То, что было «правильным», обычно шло вразрез с реальным жизненным порядком. Для людей, привыкших к порядку, «право» выглядело лишь самодовольством. Ты единственный, кто праведен? — эти слова были бы первыми словами, которые были бы услышаны, когда кто-то выбрал правильное, а не хорошее.

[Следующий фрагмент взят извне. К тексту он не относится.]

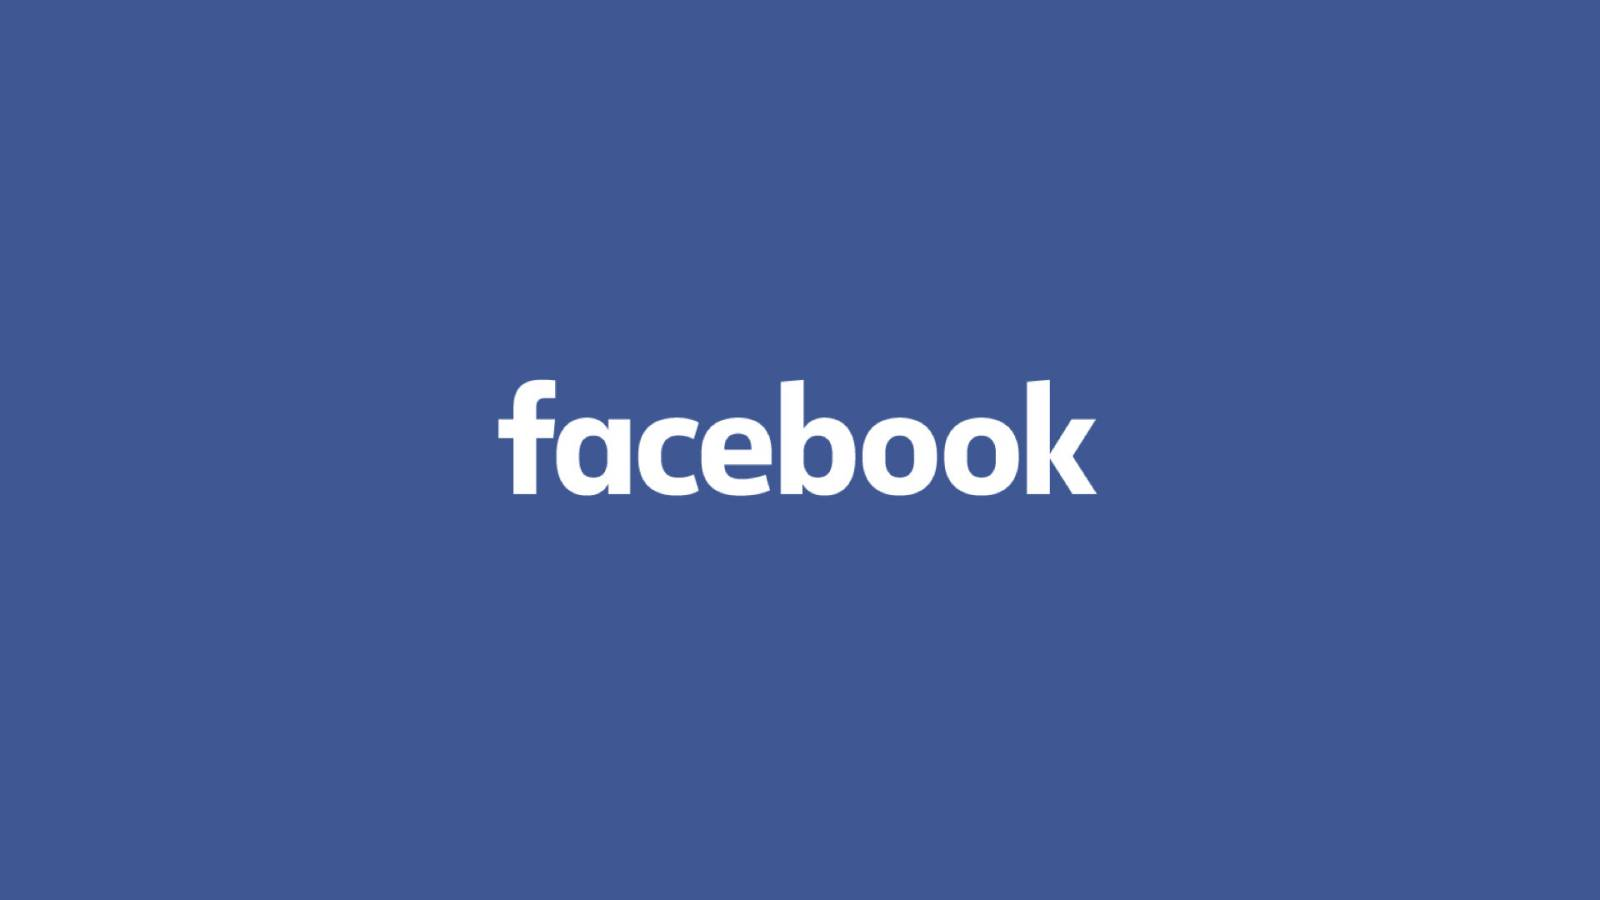 Facebook Update Nou Lansat Aplicatia Telefoane Tablete

Даже если что-то было не так, если это считалось хорошим, члены сообщества маскировали это как правильное и оправдывали это.

‘Право’ требовало спора, а «добро» — гармонии.

Мару знал всю страшность слова » правильно’. В тот момент, когда кто-то встал на сторону «правых», они могли стать исторической фигурой, то есть кем-то, кем пожертвовали, чтобы все видели. Мне всегда было одиноко, когда я делал что-то правильно. Это была скучная и одинокая битва. Мистер Лиз и мистер Паркс, с которыми он был близок, больше не разговаривали с ним, в то время как мистер Ким и мистер Чуа, которые обычно никогда не разговаривали с ним, подходили к нему и просили пересмотреть решение.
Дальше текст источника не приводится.